**Task brief:**
A faithful copy of the data is the goal; set it down exactly, without the images.

**Dataset extract:**
━━━━━━━━━━━━━━━━━━━━
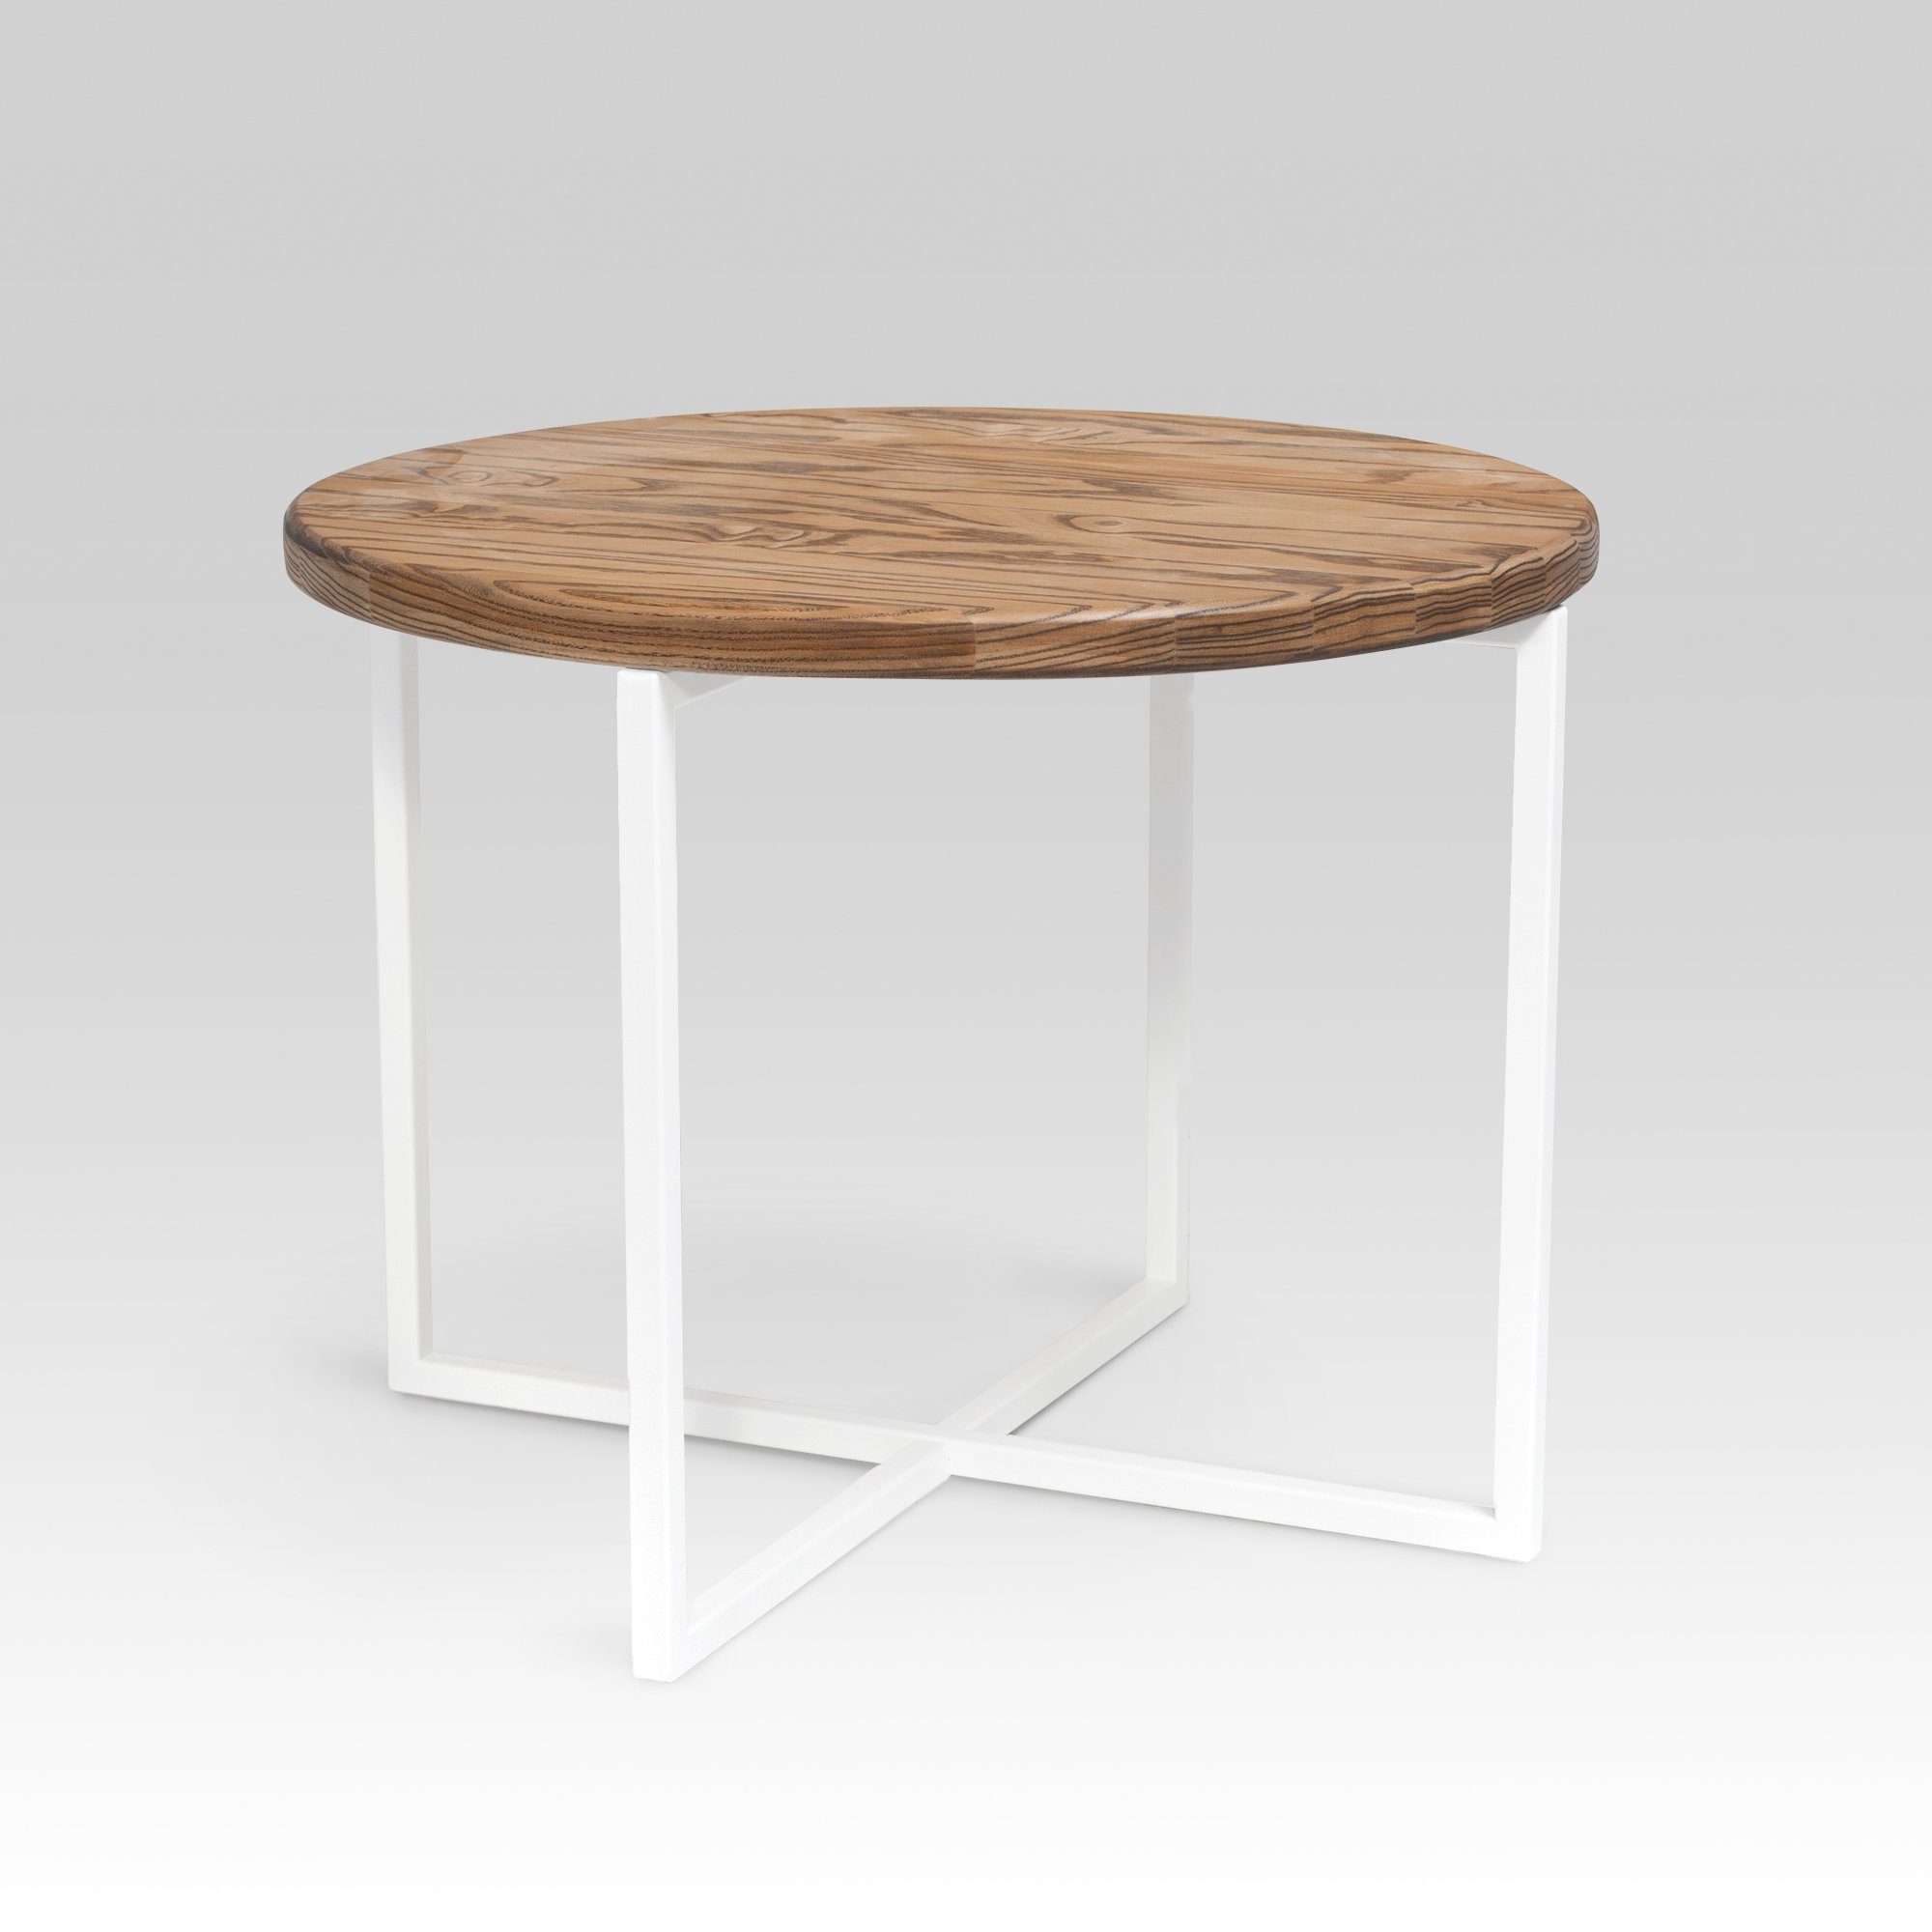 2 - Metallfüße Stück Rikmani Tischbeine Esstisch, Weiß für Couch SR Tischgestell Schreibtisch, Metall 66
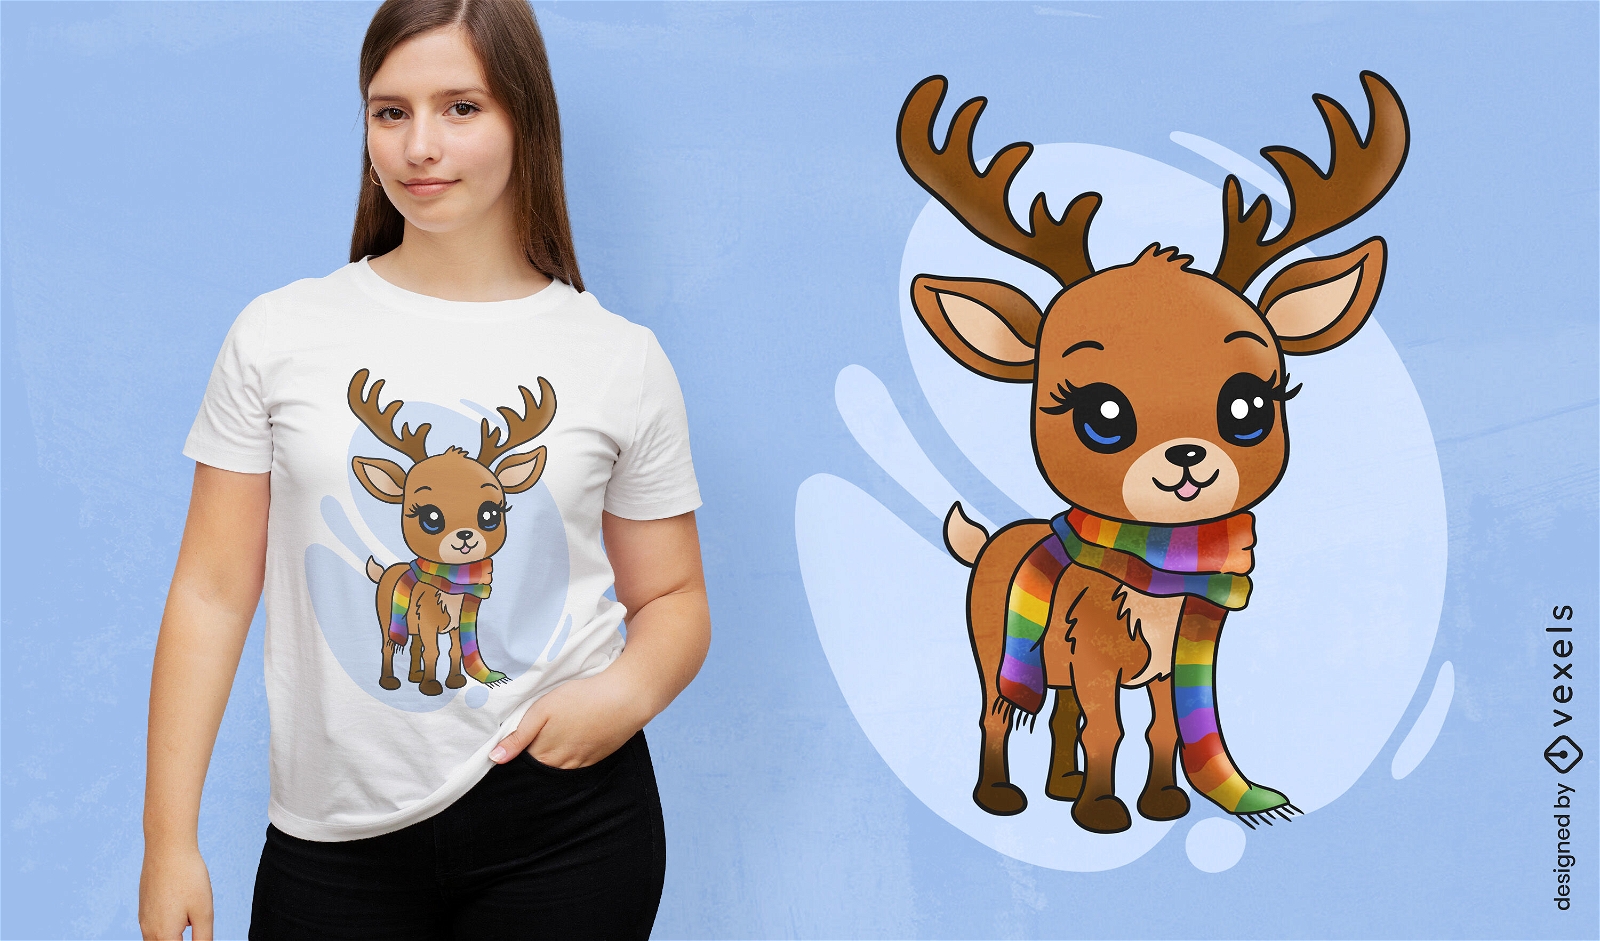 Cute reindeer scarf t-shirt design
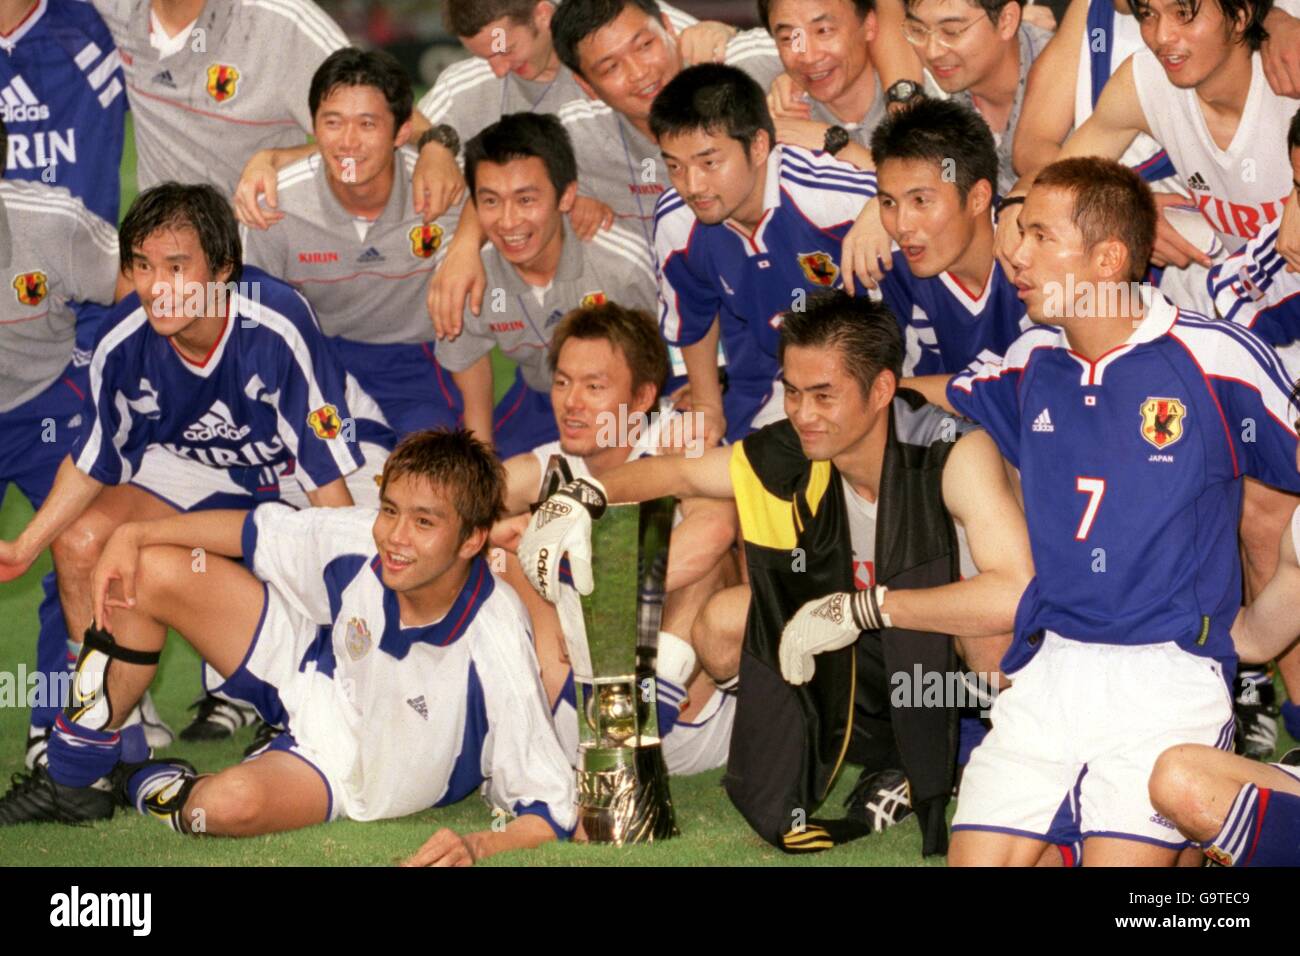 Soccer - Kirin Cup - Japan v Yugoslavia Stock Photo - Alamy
━━━━━━━━━━━━━━━━━━━━
**Answer space:**
 2 - Metallfüße Stück Rikmani Tischbeine Esstisch, Weiß für Couch SR Tischgestell Schreibtisch, Metall 66
 Cute reindeer scarf t-shirt design
 Soccer - Kirin Cup - Japan v Yugoslavia Stock Photo - Alamy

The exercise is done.